Having proper control of your business finances is a big advantage. It helps you make well-informed business decisions and keeps your organisation profitable.With so many digital tools for managing your bookkeeping, accounting and management reporting, it’s never been easier to manage, track and forecast your financial position.
But what are the main tools you need? And how do you set up your financial systems, apps, processes and reporting to put yourself back in the finance driving seat?
1. Bring your bookkeeping into the digital age
Digital bookkeeping apps are a great way to digitise your receipts, records and source documents. This not only saves a lot of time at year-end, it also makes it much easier for you to keep track of your company’s finances and accounting. Keeping your receipts in a box to manually enter at period-end is no longer enough. Take the next step and digitise your receipts at source, so you have up-to-date digital records and copies of source documents.
Optical character recognition (OCR) software, like Dext Prepare or Auto Entry, scans the receipt, converts it into a digital format and stores it in the cloud.
2. Do your accounting in the cloud
Cloud accounting is a software-as-a-service (SaaS) solution that helps you carry out all your main accounting and financial management online, without having to install any software.
Cloud accounting providers, like Xero, QuickBooks, MYOB or Sage, design their accounting platforms to take the pain and hassle of business accounting. You get all the tools and features you need to work on your accounting tasks. And your platform provider will also take care of all the data storage, backups and security of your data.

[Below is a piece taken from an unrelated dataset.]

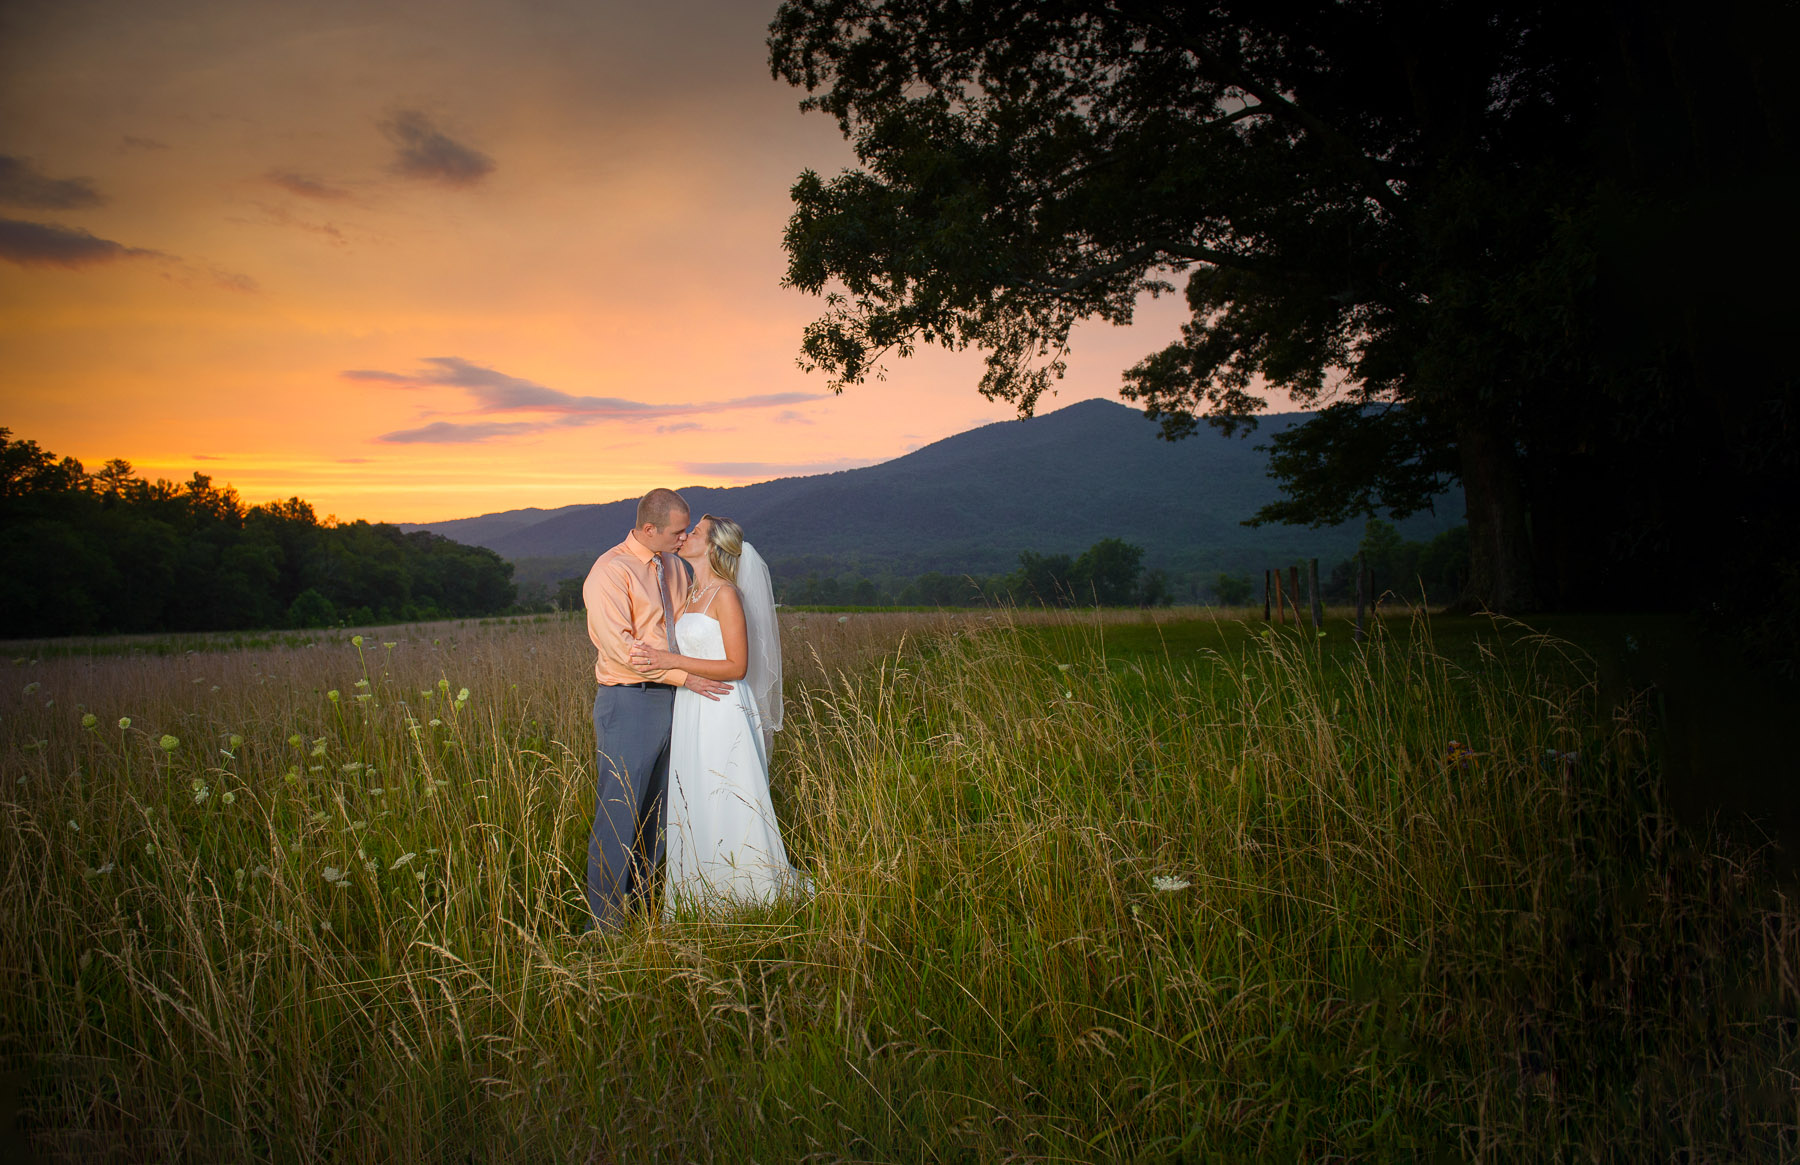 Cades Cove wedding and Elopement packages at LeQuire Field overlook
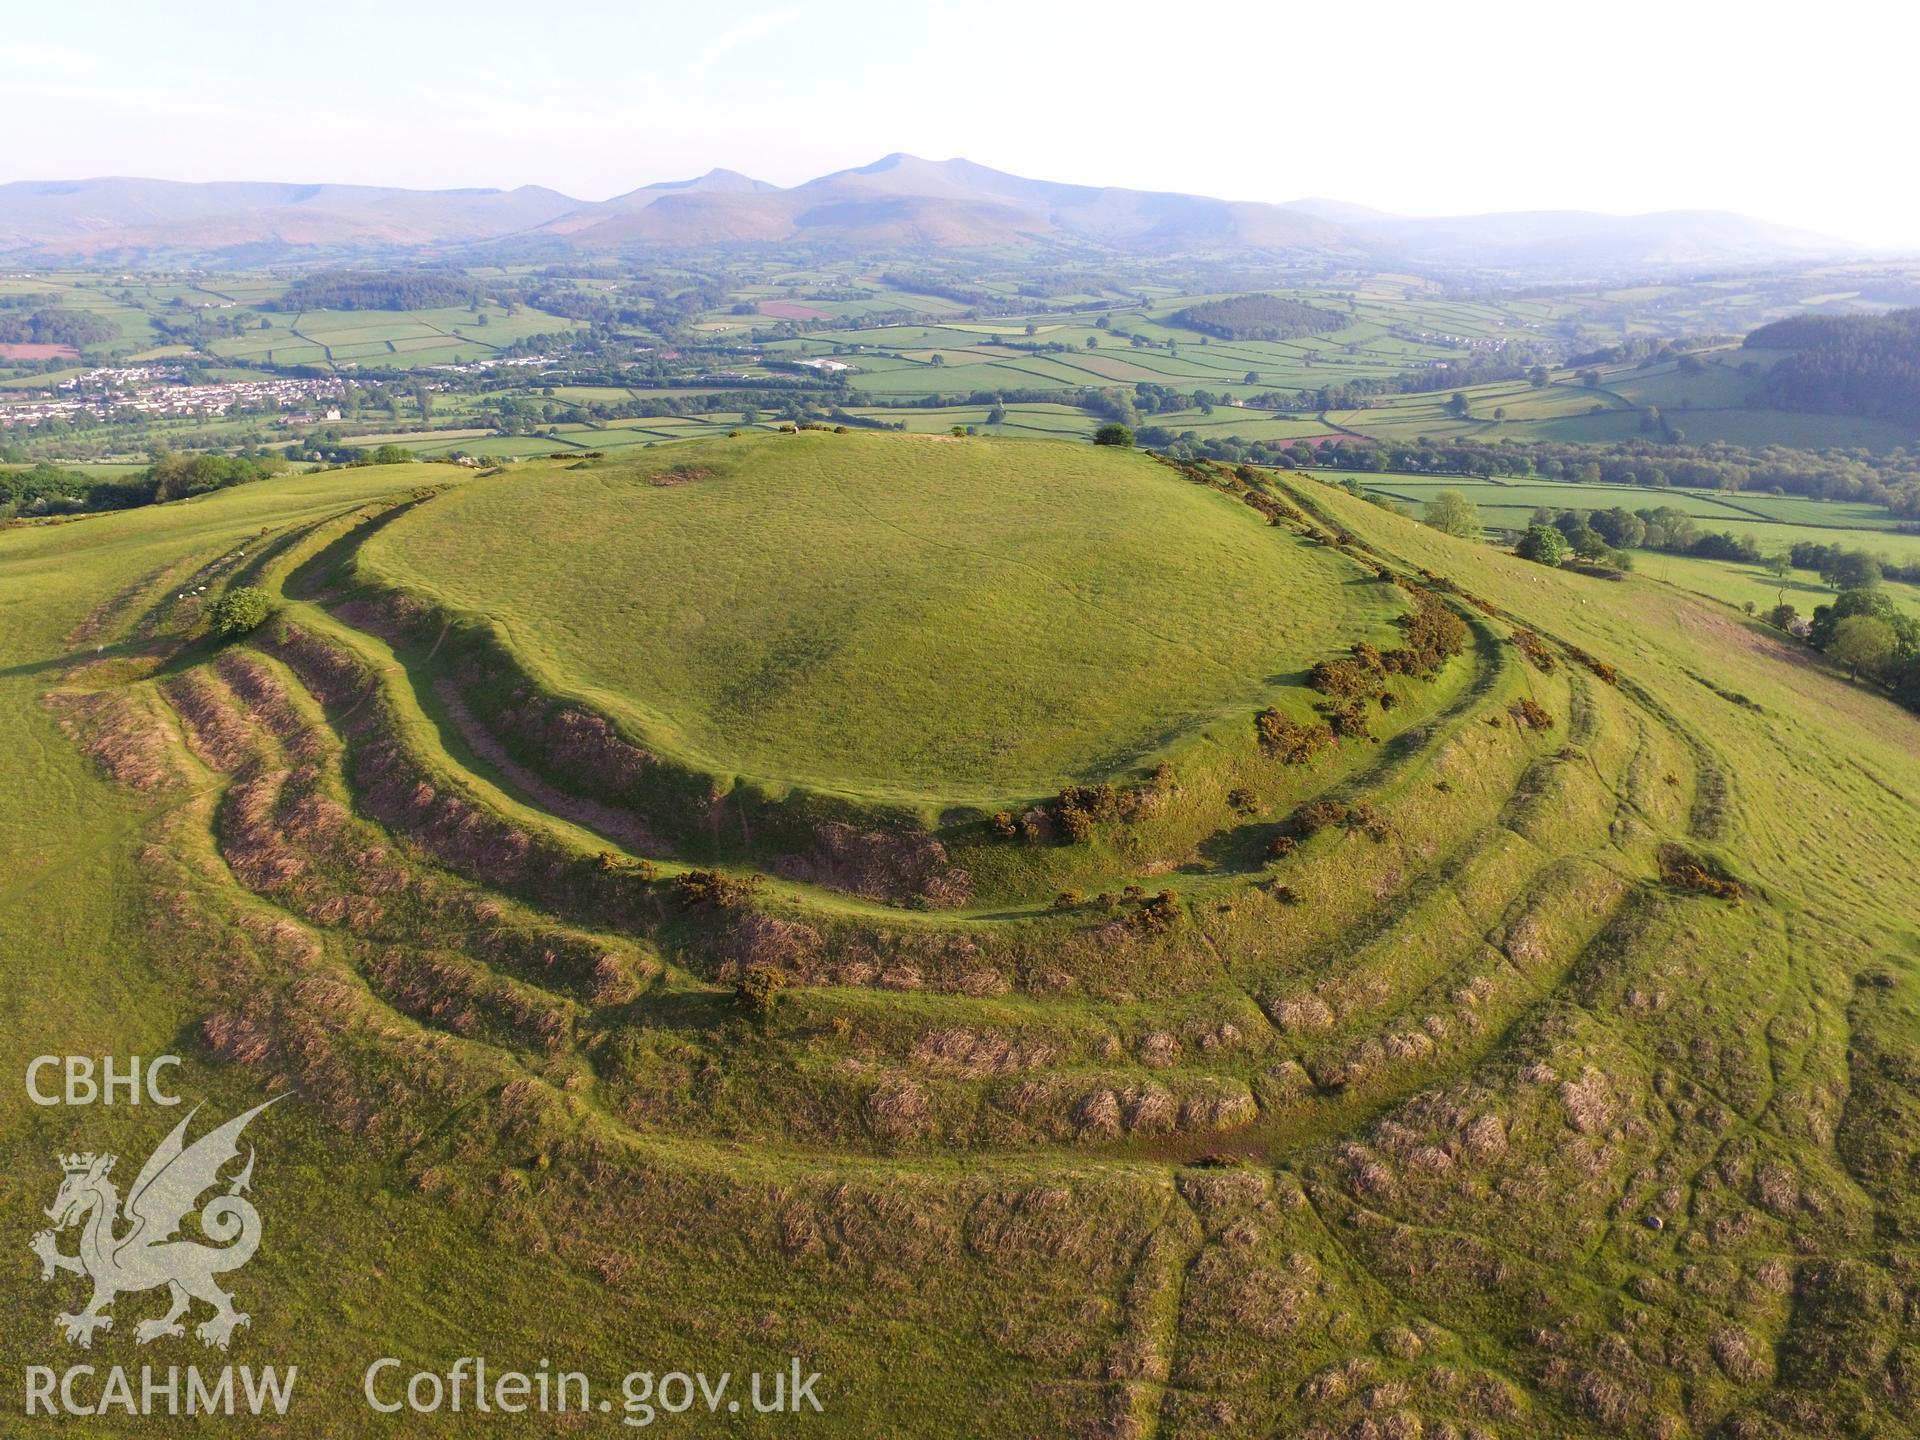 Colour aerial photo showing Pen y Crug, taken by Paul R. Davis,  29th May 2016.

A good cloud accounting platform does more than just save your hard drive space. It also provides you with tools and dashboards that improve your access to management information, financial reporting, forecasting and projections, performance tracking and more.
3. Use the latest in expense management tools
Expense management can be a time-consuming and tedious job. But it’s also a vital task that helps you ensure you’re spending company money wisely and not overspending. If employees start going over their budget limits, this can be a costly mistake for the company and your cashflow.
Expense management tools, such as Soldo, Weel or Pleo, help you manage staff spending by giving employees virtual cards that are linked to a specific budget, account and code. This helps you track their expenses easily and make sure they’re staying within their budgeted limits. These platforms also give you detailed reporting and analytics, so you can see where money is being spent, and where savings can be made.
4. Make it easy to accept digital payments
The problem of slow payment is one of the most frustrating things for small businesses. If your customers don’t pay on time, this can result in a loss of revenue, poor cashflow and an inability to cover your basic costs and overheads. To resolve this issue, many companies have begun to switch to digital payment platforms that make it simpler, faster and easier to collect payment.
Payment platforms, like PayPal, Square or Stripe offer faster payment times and more control over the customer experience. Some platforms even integrate with your cloud accounting, so you get automatic bank reconciliations.
5. Embrace the latest in digital reporting and forecasting
With digital accounting changing so rapidly in recent years, there’s never been a better time to embrace the benefits of the latest in digital reporting and forecasting.
Economic conditions are hard to predict. So it’s crucial to be able to quickly analyse data, check your performance and make predictions about how your company will fare in the coming months. When you use cloud solutions for financial reporting and key metrics, you’ll be able to monitor trends in real-time while having access to the data anytime, anywhere.
Having this information at your fingertips helps you make informed decisions faster than ever before – and that translates that into more sales, increased business growth and bigger profits.